Haze detection and removal in high resolution satellite image with wavelet analysis. An improved dark-object subtraction technique for atmonspheric scattering correction of multispectral data. In Proceedings of the Conference on Digital Image Computing: Techniques and Applications (DICTA'09). Improved single image dehazing using geometry. These connections allow our algorithm to properly resolve the transmission in isolated regions where nearby pixels do not offer relevant information.Īn extensive evaluation of our method over different types of images and its comparison to state-of-the-art methods over established benchmark images show a consistent improvement in the accuracy of the estimated scene transmission and recovered haze-free radiances.

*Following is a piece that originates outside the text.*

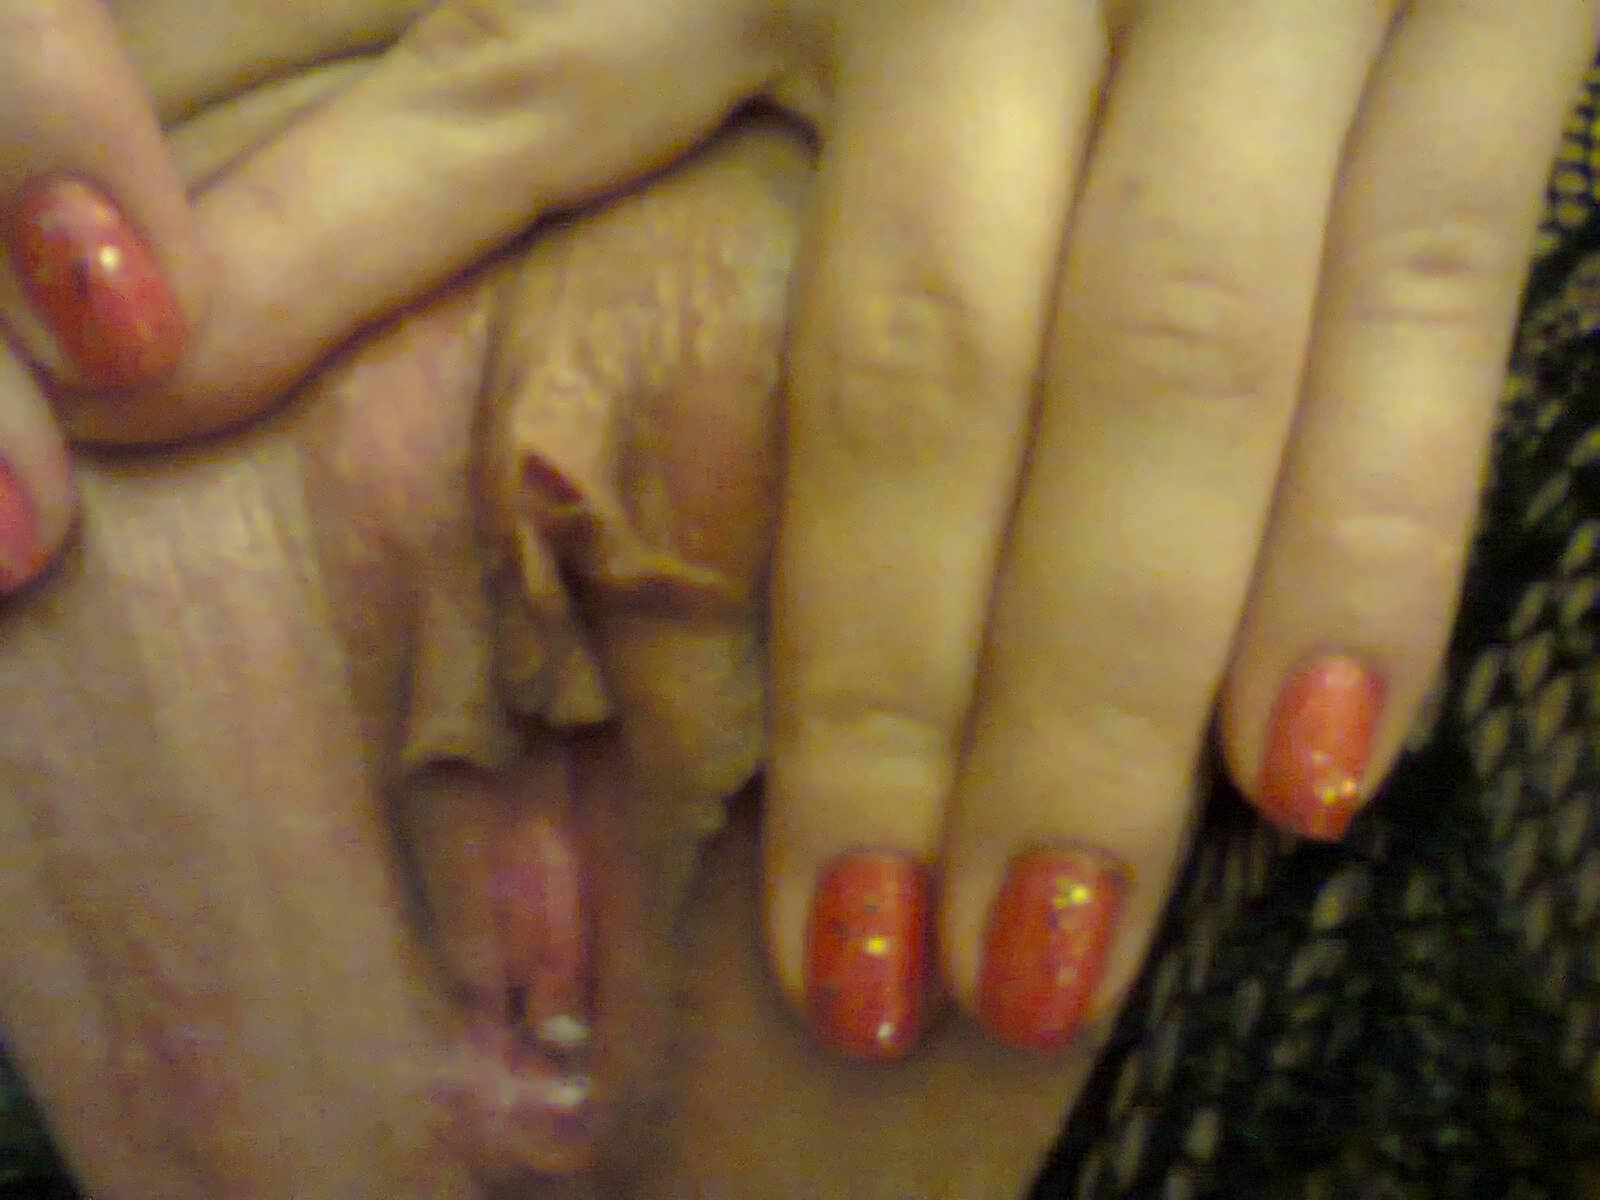 любительница жесткого секса фото

Unlike traditional field models that consist of local coupling, the new model is augmented with long-range connections between pixels of similar attributes. In addition, we describe a Markov random field model dedicated to producing complete and regularized transmission maps given noisy and scattered estimates. Thus, unlike existing approaches that follow their assumptions across the entire image, our algorithm validates its hypotheses and obtains more reliable estimates where possible.
#COLOR LINES PATCH#
The lack of a dominant color-line inside a patch or its lack of consistency with the formation model allows us to identify and avoid false predictions. We derive a local formation model that explains the color-lines in the context of hazy scenes and use it for recovering the scene transmission based on the lines' offset from the origin. This article describes a new method for single-image dehazing that relies on a generic regularity in natural images where pixels of small image patches typically exhibit a 1D distribution in RGB color space, known as color-lines. Photographs of hazy scenes typically suffer having low contrast and offer a limited visibility of the scene.